### Task brief
From the line with "MaxLED 1000 LED" to the line with "Diy Twister Game Designed Decor", retype every line exactly, including those two, and leave out the rest of the data below.

### Records provided
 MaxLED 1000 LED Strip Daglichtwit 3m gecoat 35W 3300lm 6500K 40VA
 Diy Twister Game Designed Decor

...

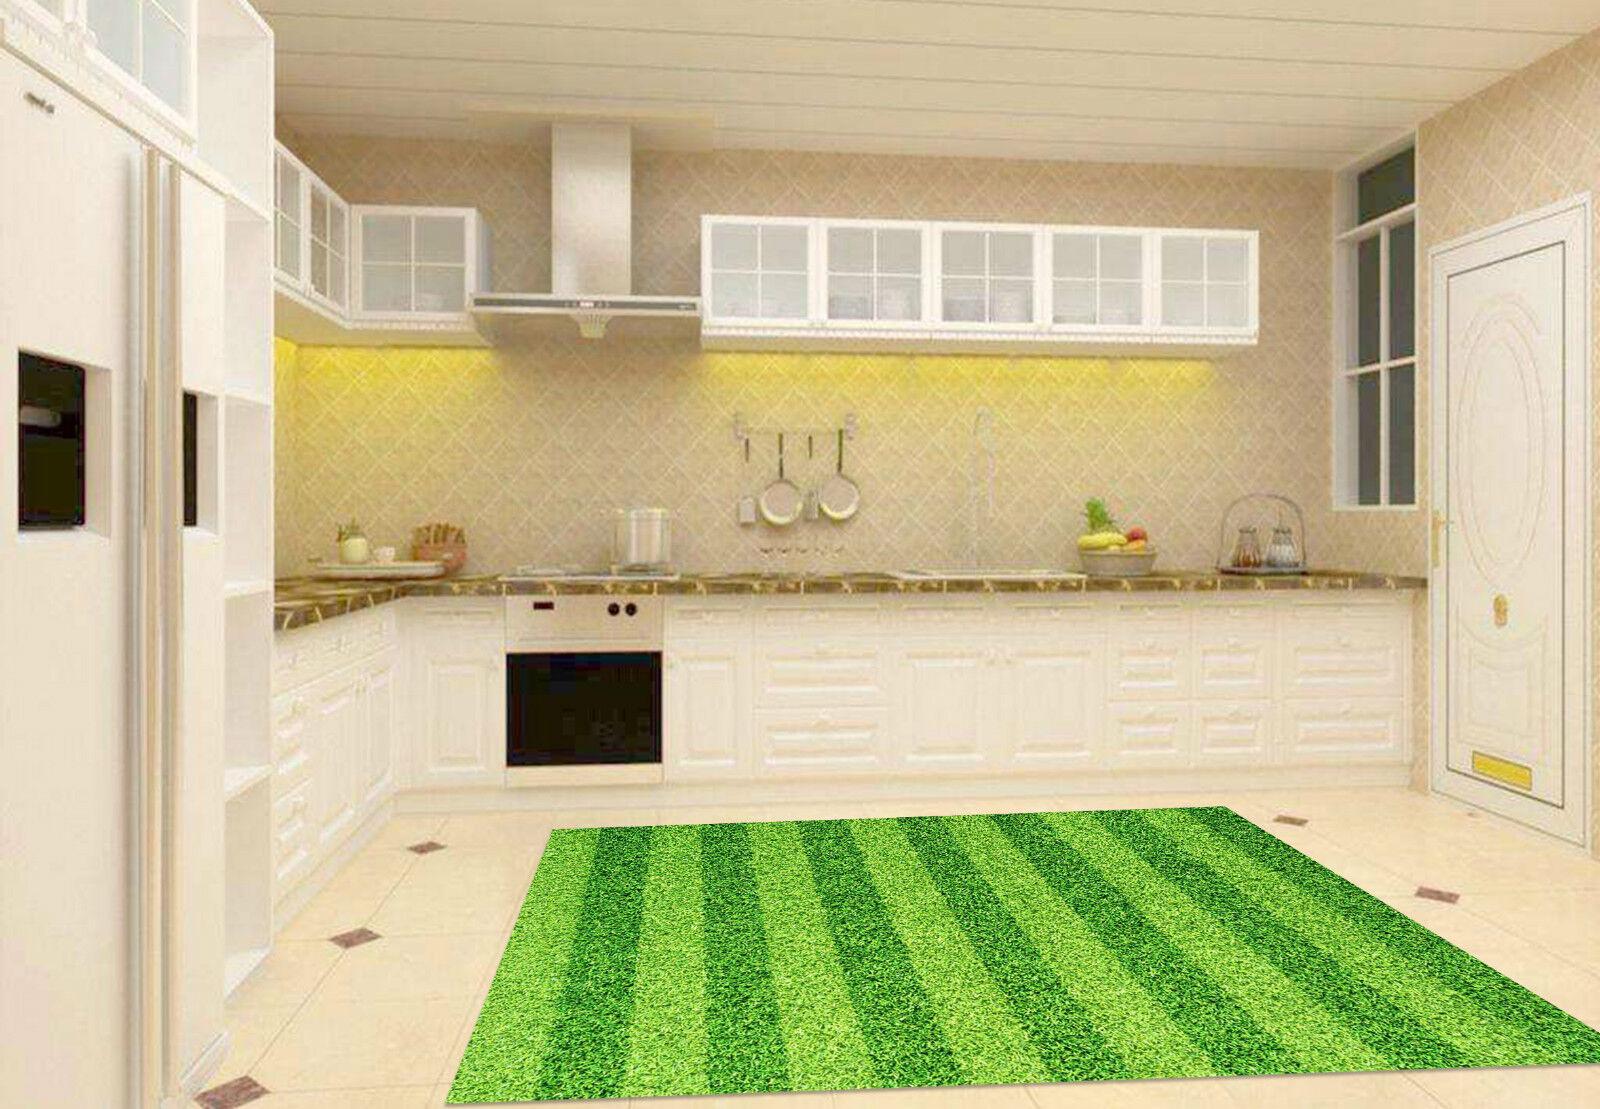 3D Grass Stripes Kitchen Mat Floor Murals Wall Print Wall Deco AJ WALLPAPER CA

* * *

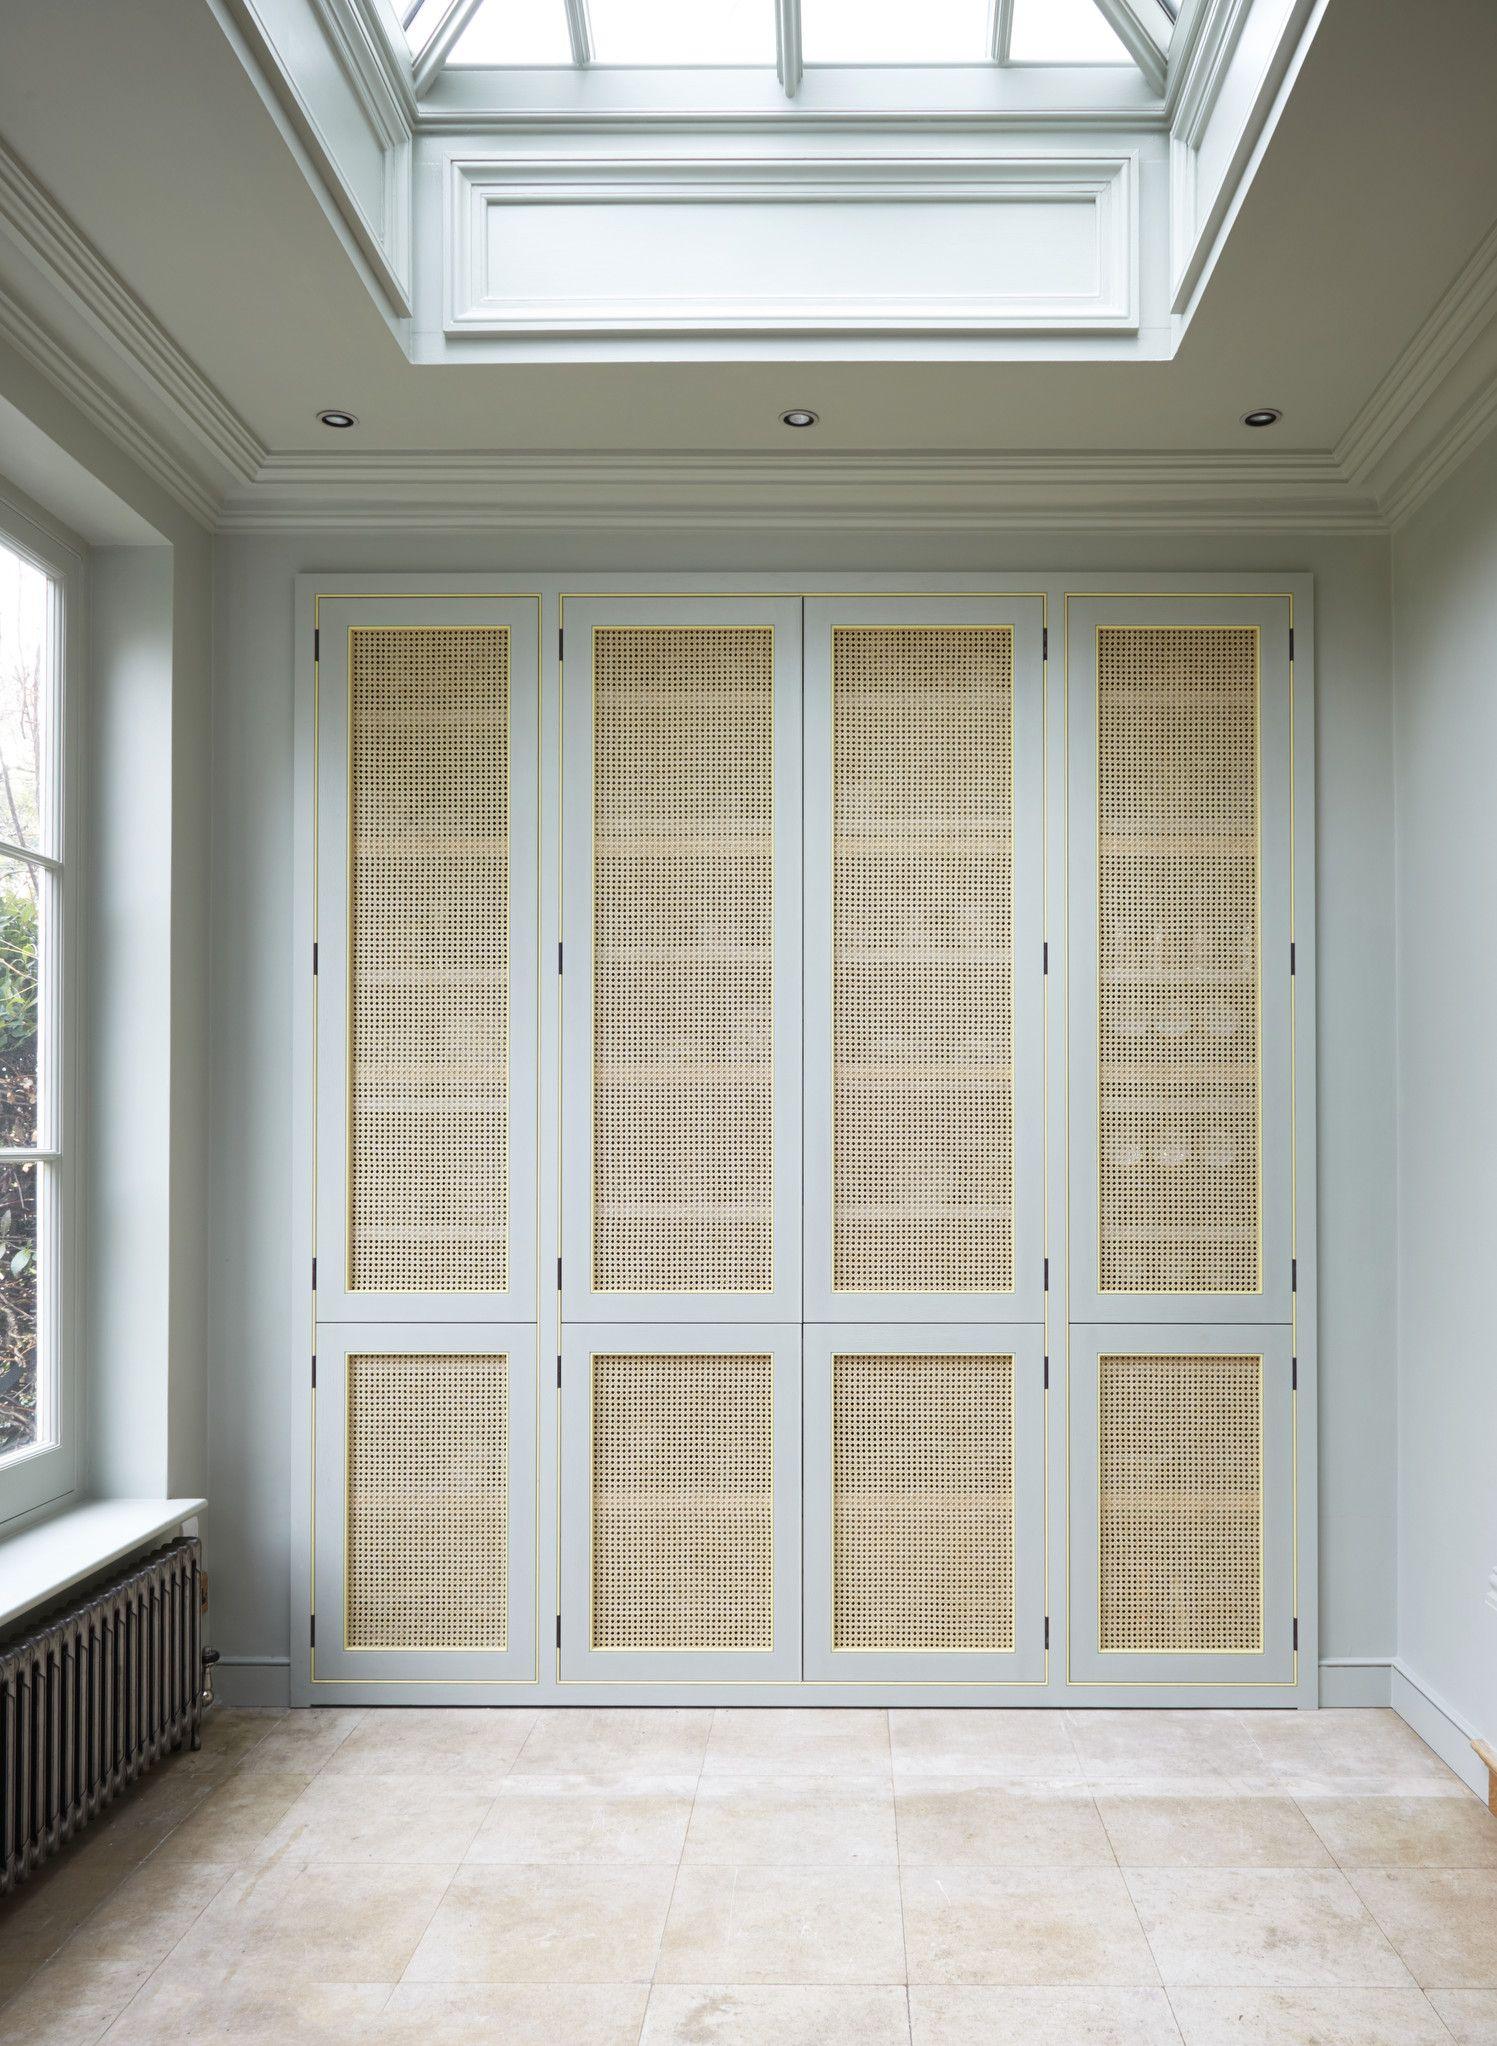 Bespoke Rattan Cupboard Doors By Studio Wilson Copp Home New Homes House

### Result of the task
 MaxLED 1000 LED Strip Daglichtwit 3m gecoat 35W 3300lm 6500K 40VA
 Diy Twister Game Designed Decor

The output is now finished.